The three mangles auto-captioners leave in every SRT
General-purpose speech-to-text models — YouTube auto-captions, Otter, Whisper base — produce a technically-valid SRT on the first pass. The timecodes are fine. The block structure is fine. The text is where training-ops teams burn their hour-per-video.
- Product names and SDK symbols. kubectl becomes "cube control"; pytorch becomes "pie torch"; Docebo becomes "doh say boh"; Helm becomes "helmet"; gRPC becomes "g. r. p. c." General-purpose models have never seen these terms in training data often enough to beat the phonetic prior.
- Drug and medical names. tirzepatide becomes "tier zip a tide"; semaglutide becomes "sema glue tide"; metformin is usually fine but empagliflozin is a coin flip.

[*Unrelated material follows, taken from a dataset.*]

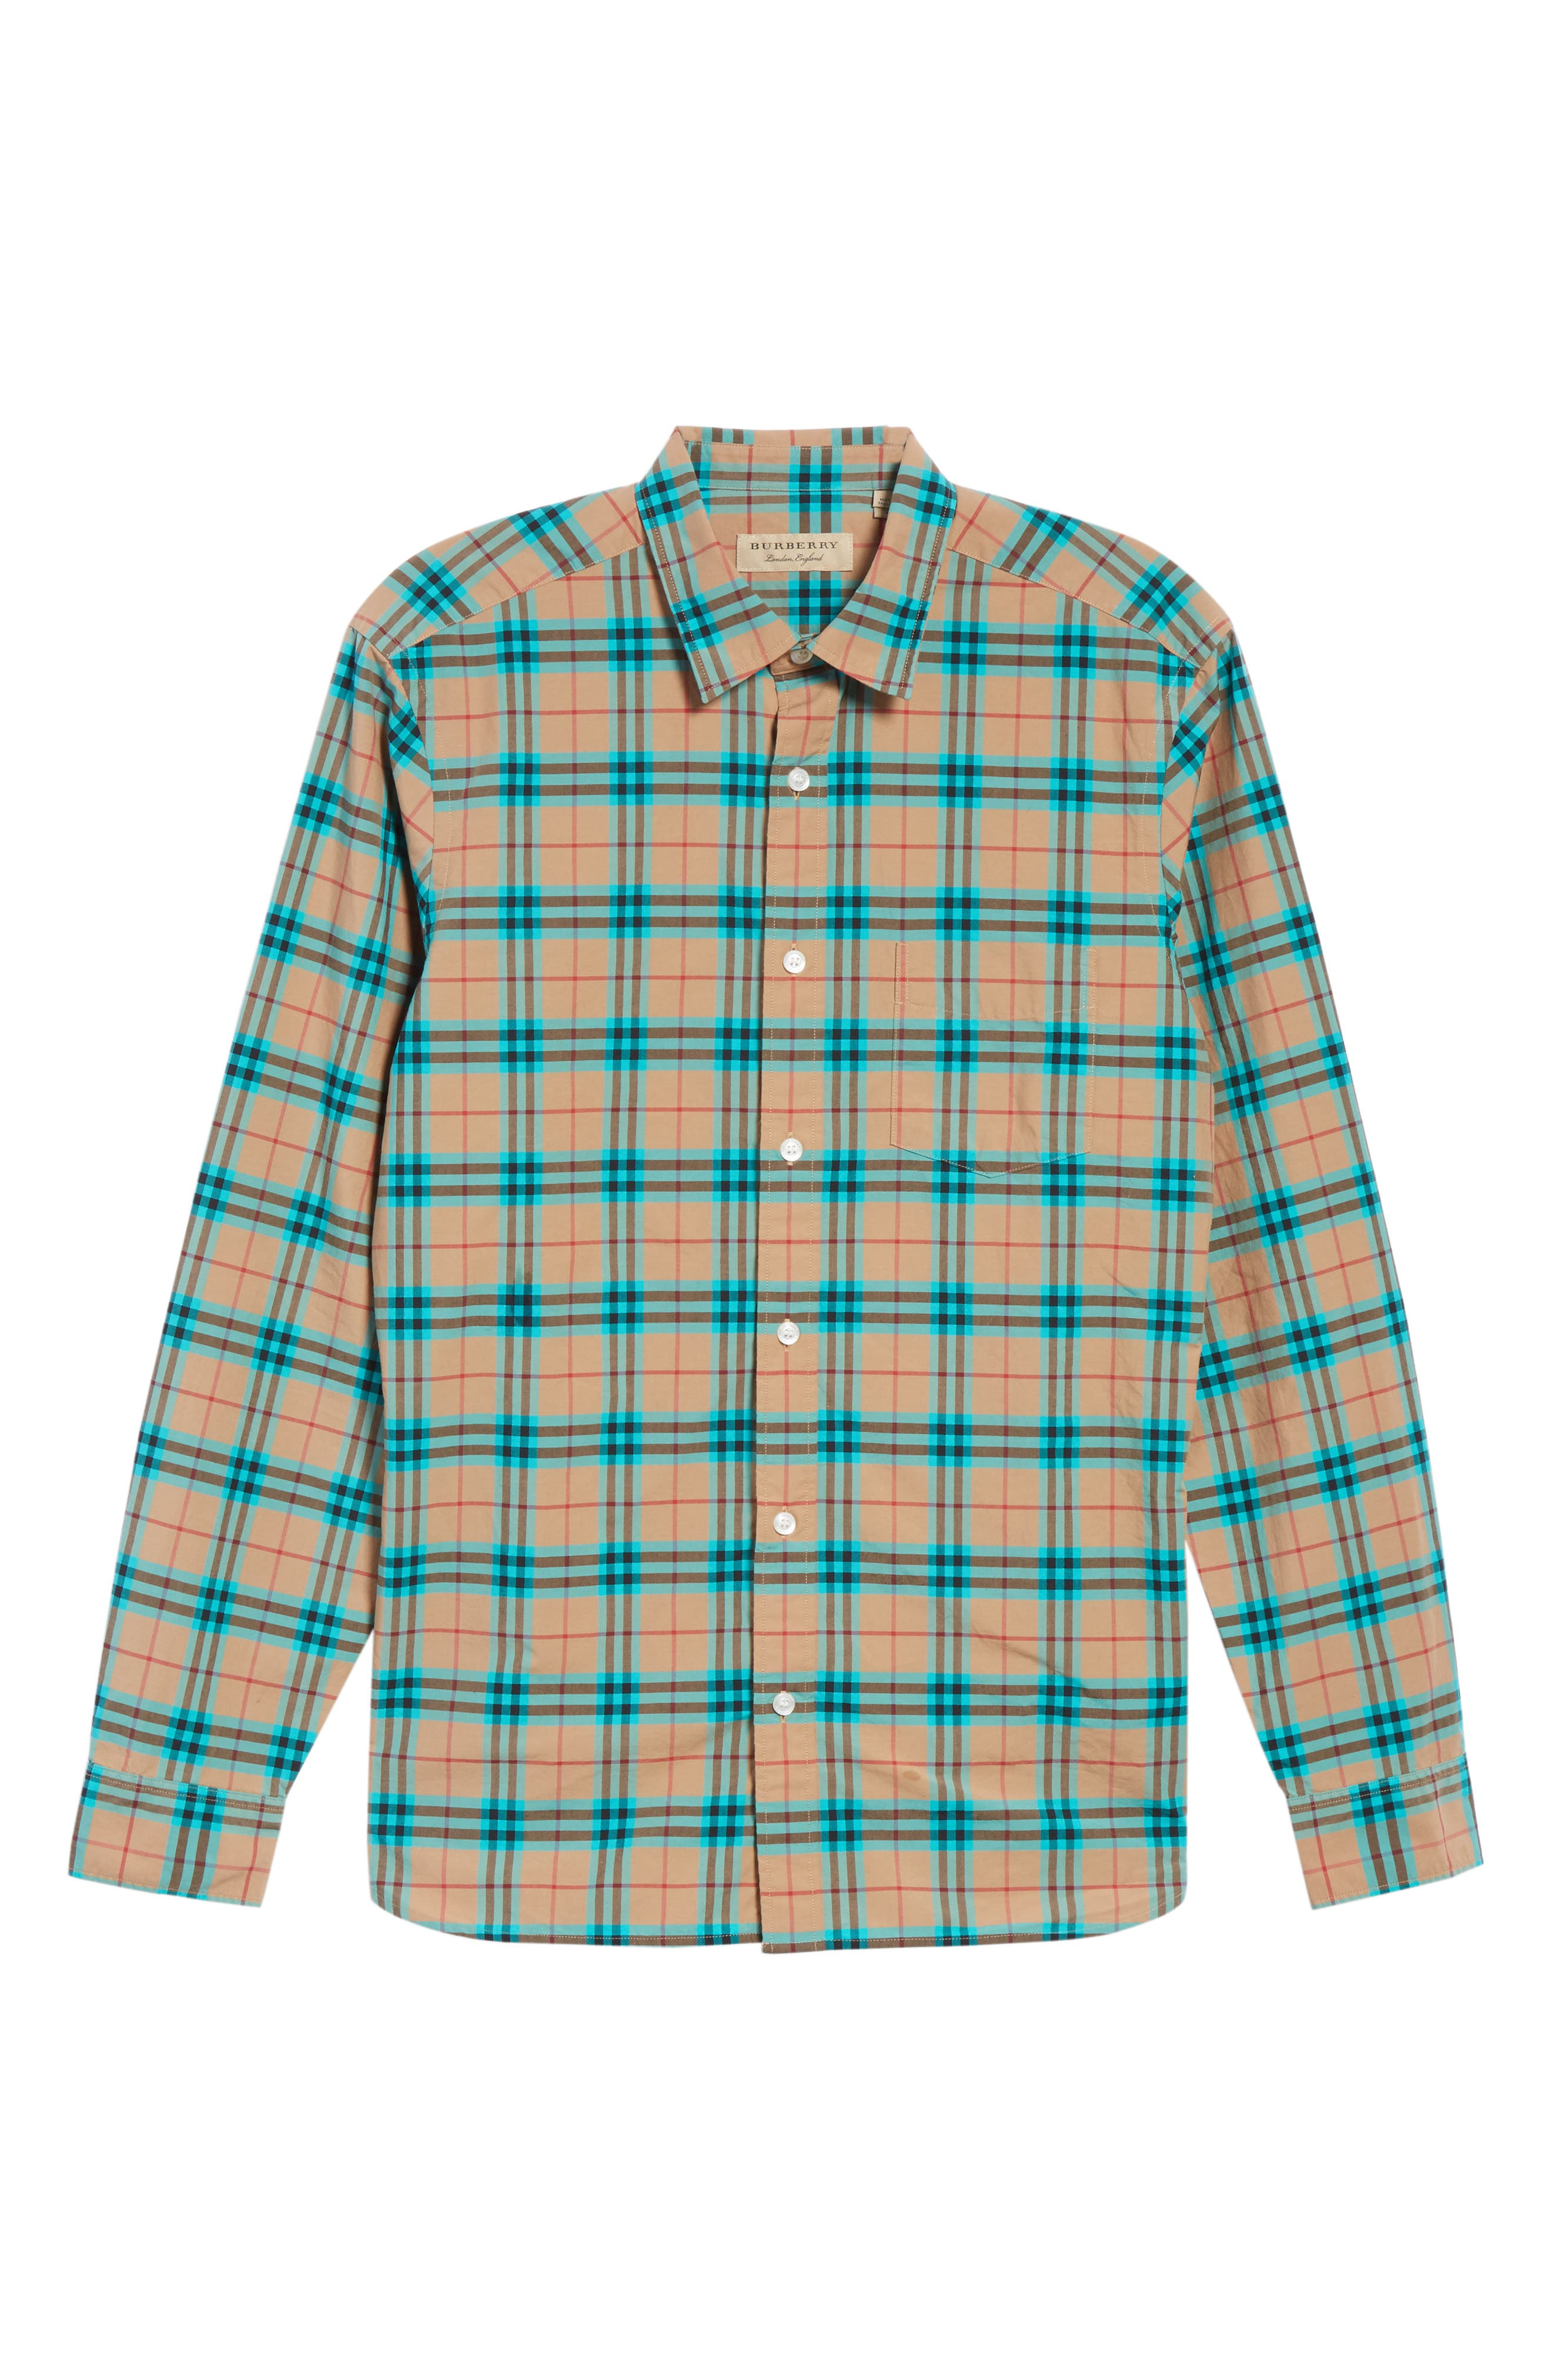 Alexander Check Sport Shirt,                             Alternate thumbnail 6, color,                             Aqua Green

On a 45-minute diabetes-care training module, auditors will sample the segments where drug names are spoken because that is where clinical mis-captioning has real downstream cost.
- Acronyms and proper nouns. SDK becomes "as decay"; GDPR becomes "G D P R" as four words with no concept grouping; custom product names like "Retool", "Linear", "Figma" get reinterpreted as common nouns or dictionary words whenever they appear out of context. On compliance training, every acronym needs to survive verbatim because the auditor's checklist is built around them.
These are the exact words an auditor sampling WCAG 2.1 AA compliance looks at first — the verbatim-for-dialogue requirement of SC 1.2.2 is load-bearing on technical content, and the generic 90%-accurate track fails on the 10% that matters.
How GlossCap exports a clean SRT
The mechanic is the one sentence on our homepage: captions that know your jargon. You paste in (or sync from Notion / Confluence / Google Docs) the terms your training content uses — product names, SDK symbols, drug names, acronyms. On export, Whisper-large's decoder gets a logit-boost applied to the BPE tokens for each glossary term, so when the acoustic model hears "cube control" with its phonetic ambiguity, the decoder has already been nudged toward kubectl. The biased decode runs once, emits an SRT that is already-correct on the words that matter, and we format it with speaker labels, non-speech-sound cues, and a ≤160 wpm reading-speed ceiling.
What you download is a standards-compliant SRT with: dialogue verbatim, speakers identified where not on-camera, non-speech sounds bracketed ([applause], [alarm]), cues synchronized within sub-second precision, and every term from your glossary preserved the way you wrote it. Drop it next to your training video on any LMS and the audit is boring.
Related questions
Is SRT good enough for WCAG 2.1 AA compliance?
Yes — the format itself is WCAG-neutral. What WCAG actually requires is the content (synchronized, ≈99% accurate, speaker-identified, non-speech sounds marked), and all of that fits inside an SRT. Our WCAG 2.1 AA reference walks through what auditors actually sample.
SRT vs VTT — which should I use?
SRT for LMS upload, VTT for HTML5 embed with styling. VTT (WebVTT) is the HTML5 spec-preferred format and supports colour, positioning, and voice tags; SRT is the format every upload form accepts. Most training teams export both from GlossCap and pick per destination. The VTT page has the comparison.
Can I edit the SRT after export?
Yes — it is a text file. GlossCap's edit UI is the recommended path (it re-runs the alignment pass if you change timing), but you can crack an SRT open in any text editor and fix a line. The danger is drift: hand-editing timecodes is where the "my caption is 3 seconds late after minute 20" bug comes from.
Does SRT handle multiple languages?
One language per file. For multi-language training you ship one SRT per language next to the same video, named module-01.en.srt, module-01.fr.srt, etc. GlossCap exports the source-language SRT; a future translation pipeline is on the v2 roadmap.